Sujata Madhok is an Indian activist and developmental journalist specializing in women's issues. She started her career at the Democratic World Weekly. She also worked for the Youth Times,  the Children's Book Trust, and The Statesman. She then moved on to the Hindustan Times.

Early life and education
Educated at Convent of Jesus and Mary, New Delhi  and Miranda House (Delhi University),

Career
From 1989 to 2000, she was editor of Women's Feature Service, an international organization/ UNESCO umbrella project that produces "features and opinions on development from the gender perspective." She currently writes a column for the Sahara Time, an English language weekly published from New Delhi. She has been active in the women's movement and has worked with women's groups across the country. Her report, "A Situational Analysis of Women and Girls in the National Capital Territory of Delhi" was published by the National Commission for Women (2005).

She has served as secretary of the Delhi Union of Journalists in 2008, in 2009 she served as the treasurer and secretary, and in 2010 she went on to become the first woman president of the Delhi Union of Journalists.

Personal life
Madhok lives and works in Delhi.
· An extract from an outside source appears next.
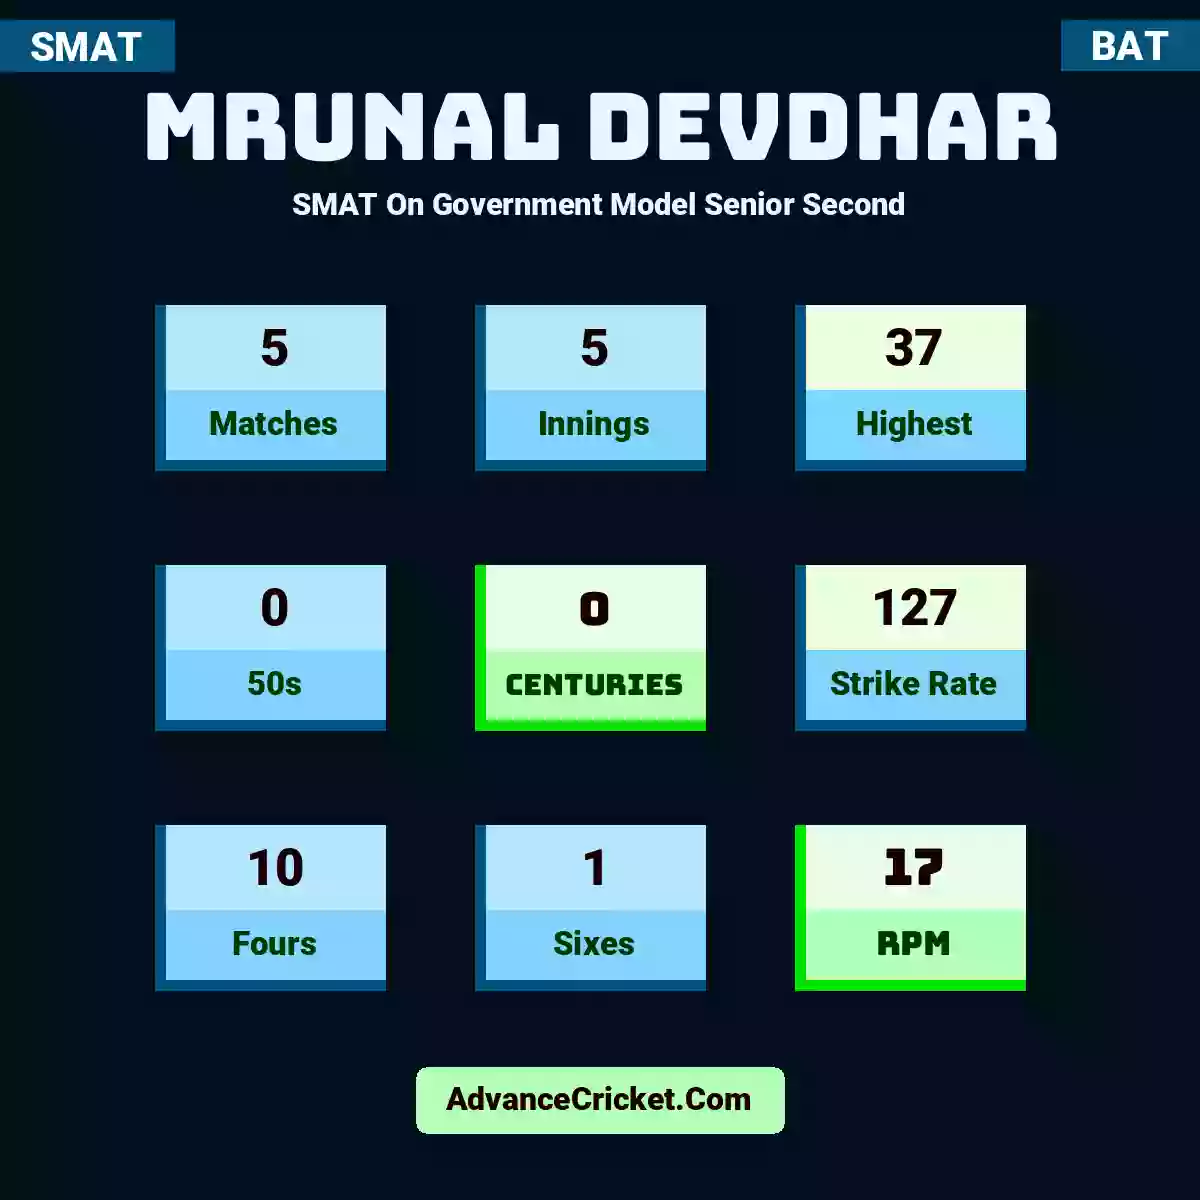 Mrunal Devdhar SMAT  On Government Model Senior Second, Mrunal Devdhar played 5 matches, scored 37 runs as highest, 0 half-centuries, and 0 centuries, with a strike rate of 127. M.Devdhar hit 10 fours and 1 sixes, with an RPM of 17.

She has two daughters

Some articles available online
Gender Bias, Infanticide Bane of Indian Women
India: Who Reads Editorials Anyway?
Profiling women, health and development

Other references
Report by Sujata Madhok on Status of Women Workers in the Construction Industry
Book on Rural Development Issues, including a chapter by Madhok
An Article titled "A vast majority lives in abject poverty Gender bias, infanticide bane of Indian woman"

Comments on the topic "Globalization & The Women's Movement In India"

Indian women journalists
Indian women's rights activists
Living people
Writers from Delhi
Delhi University alumni
Indian activist journalists
Year of birth missing (living people)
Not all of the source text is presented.